I would like to get some help in understanding what's going on there.
A couple of weeks ago I completed work on the kernels themselves but due to other priorities I only had the chance to integrate and test them to a remote server only yesterday.
I have some further ideas on how to improve my implementation but the results I found so far are interesting and on my hardware (Capeverde) I have a sizeable advantage so I'll stop here for a while.
Yescrypt is supposed to be GPU resistant by requiring a ton and half of bandwidth and being latency-bound. At its inner core, it does something like:
- Given a blob of data (S, being an "s-box") taking 8KiB in this case;
- Derive two pointers ubyte *s0, *s1, being 4KiB away from each other, I have found references around about those being far to force decreased cache efficiency being one page away;
- For each pair of ulongs x0, x1, taken consecutively from the 'state slice' being processed (8 ulongs per slice), do (this is a for, but I do it in parallel in my kernels)
- Derive from the first ulong two indices i0, i1.
- Load 2x2 ulongs, the first pair starting from s0+i0, the second from s1+i1. Yes, it is unaligned access but I load them as ubytes so there should be no problem for me right?
- Those loaded ulongs are xorred or added to x0, x1.
The above is the "parallel wide transform" of a "8 ulongs block" being Block_pwxform, which should really be called Slice_pwxform as far as I am concerned but that's it.
Being there basically no ALU intensity, I expected this to be horribly slow. Indeed, it is, compared to an high-end CPU but the readings (as by CodeXL) are still not what I would expect.
- As a start, I have measured VALUBusy > 70% where I would have expected no more than half that number, in the best case, this kernel gets occupancy 50%. Is GCN really so cool it can get along with just an handful of ALU instructions? It was my understanding I needed hundreds of them... and indeed I have thousands of instructions but I haven't had the chance to dive in ASM yet.
- SALUBusy by contrast is a lot lower than I expected (~2%). More on that below. It appears the compiler is just too conservative in using the VALU. What pattern can I use to help the poor thing understand?
- Even though I use at worse 60% MemUnitBusy with read and write stalls being close to zero (in the 90% time kernels), I consume minuscule amounts of bandwidth. I'd say that's just kernel design working as expected (we have been fetching bumpy-shiny RGBA32 texels for a while after all ) but if the memory units are not saturated... shouldn't I be reaching higher perf? I still suspect I don't properly understand CodeXL readings (do I have to cross-post in CodeXL section?). I was expecting this to be >90% in at least Busy.
How is the GPU hiding latency here? In theory there shouldn't be so much stuff to do.
One of my theories is that the VALU is using the Salsa20_8 operation. Let me elaborate.
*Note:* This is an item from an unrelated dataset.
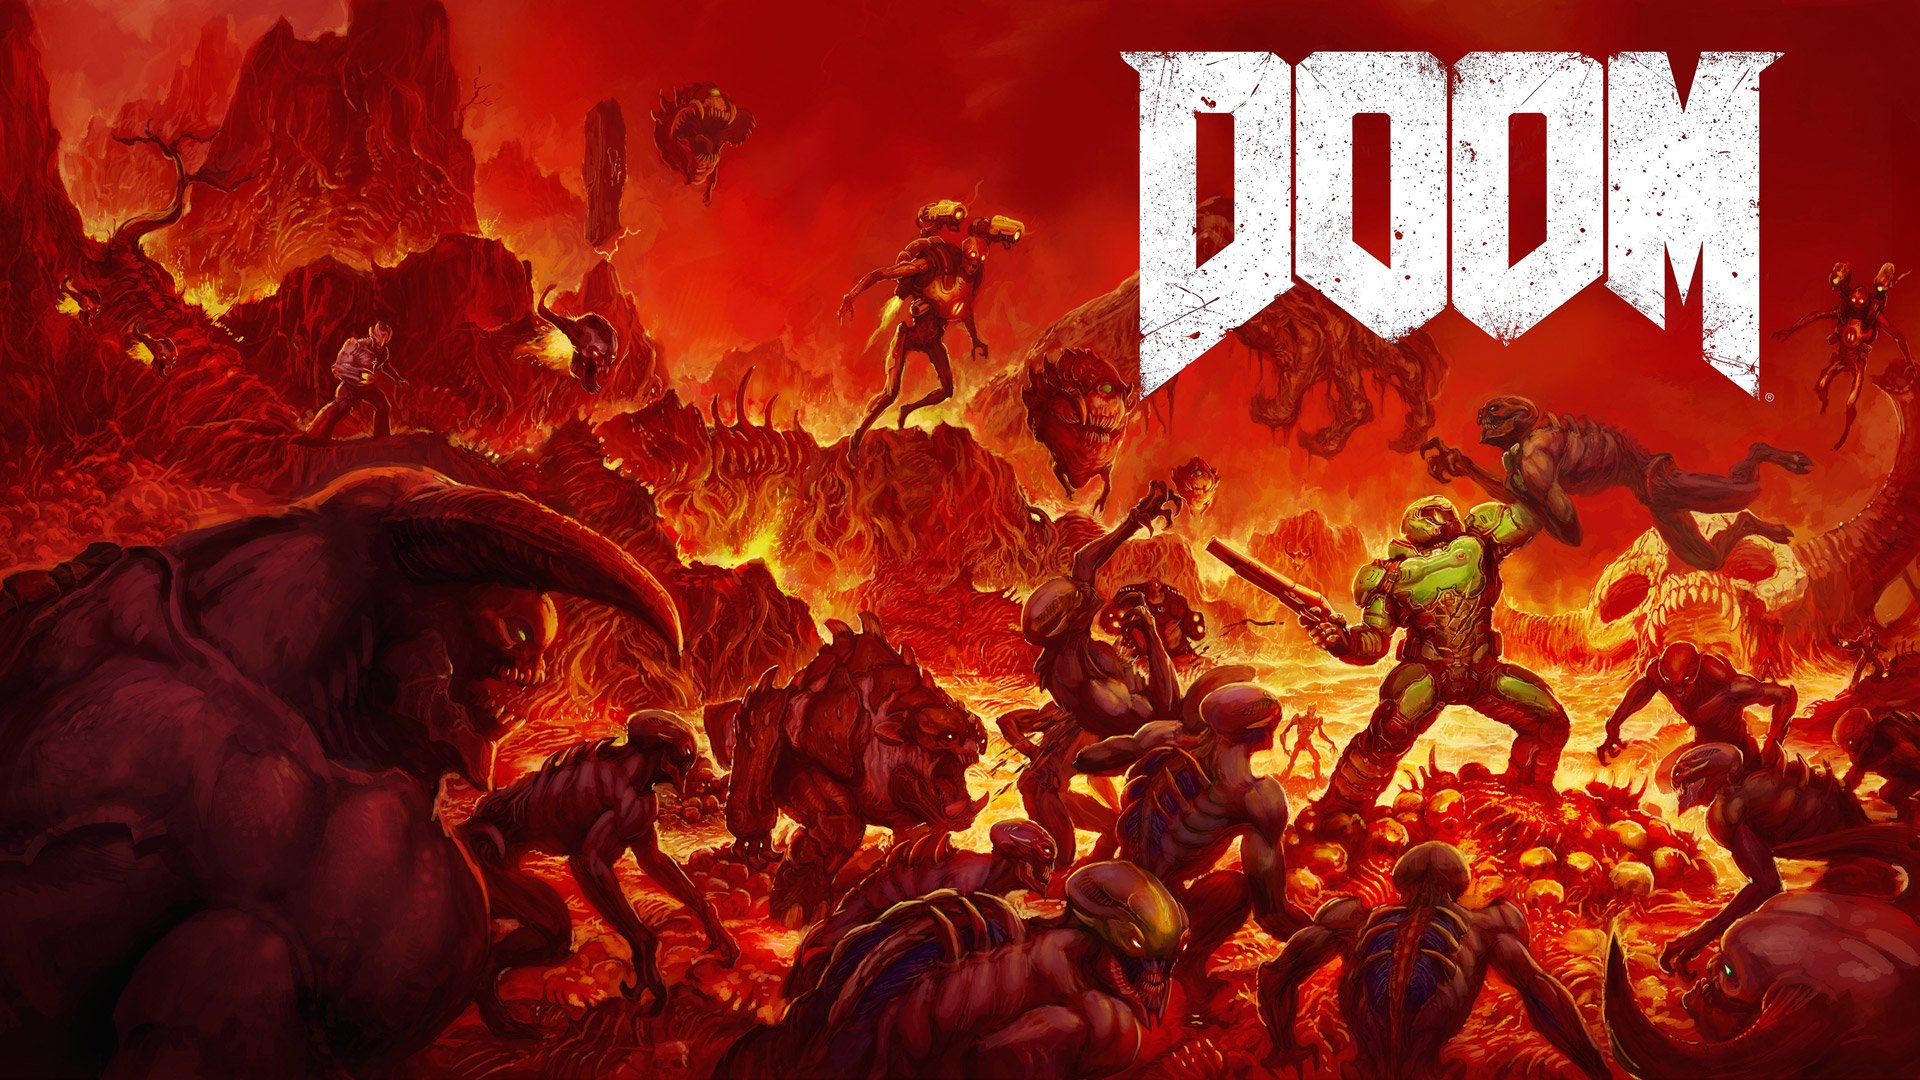  Doom 2016 Wallpaper in 1920x1080 1920x1080

The above Block_pwxform is run sequentially over 128 consecutive slices (of 8 ulongs each), this operation being Blockmix_pwxform. This is strictly sequential, as each n+1 slice needs to be xorred with the nth as resulted after the S-box manipulation. After all the slices are gone, the last slice gets Salsa'd.
In my implementation, I used the 64WIs of a wavefront to load up bytes of the various consecutive ulong pairs, dispatching 64WIs for each "true" element I'm processing. This salsa instead is driven from a constant expression. My intention was to have the compiler ideally shut down the VALU and go SALU completely.
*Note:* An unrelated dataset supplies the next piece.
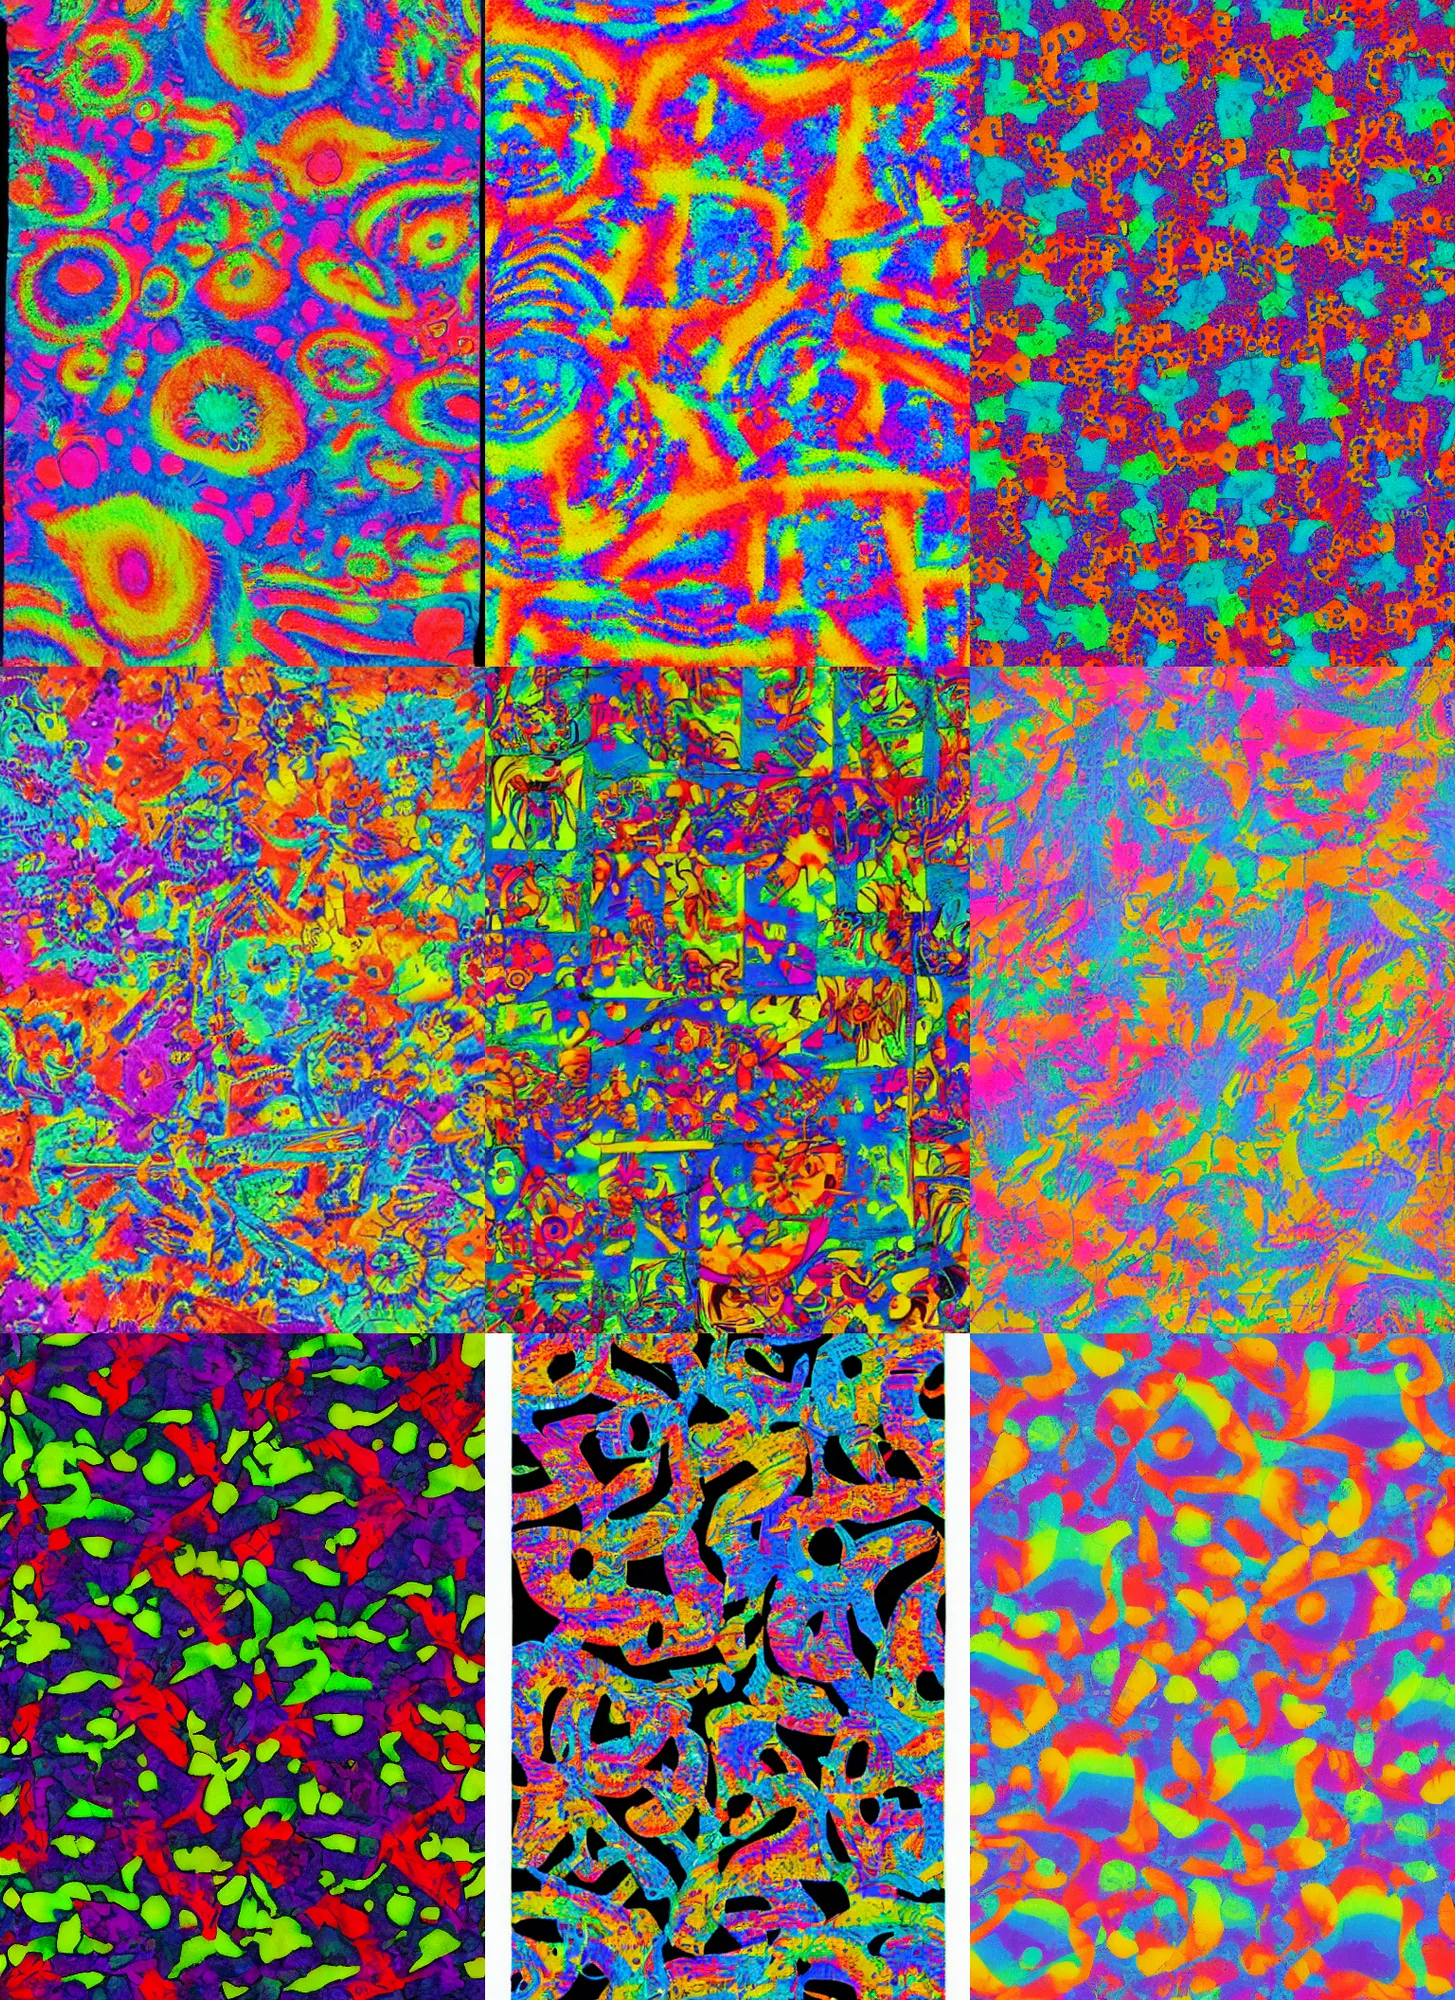 Prompt: LSD blotter sheet, studio photography

Perhaps this does not happen as I use LDS extensively here. I'd be glad if anyone could try this on Tonga, perhaps the SALU will trigger.
AFAIK, the VALU cannot be really shut down... and because of the way GCN works it's not like it can switch to another wavefront in the meanwhile but I assume there's a way to save some wattage by using some dummy VALU instruction (I think I've only seen S_NOP in the disassembly).
So... nothing really. I am doing myself questions on what it turned out a quite interesting experiment. Opinions welcome. I have decided to post it there after AMD blog posts about hash trees of a couple of months ago.
- I am still doing some adjustments, the public version should be build-able in a matter of days.
- If you want to take a look at how the buffers are sized and how the kernels are used, I have a data-descriptive language in place you can probably guess.
- The access patterns used are more or less as the CPU would go with. I haven't tried experimenting with them yet. I don't even think there's much I can do in the performance path. I don't even think it matters as the wavefront is more or less packed. Opinions welcome!
- I suspect I could be wasting a bazillion instructions in just LDS addressing.
Edit: added note 4.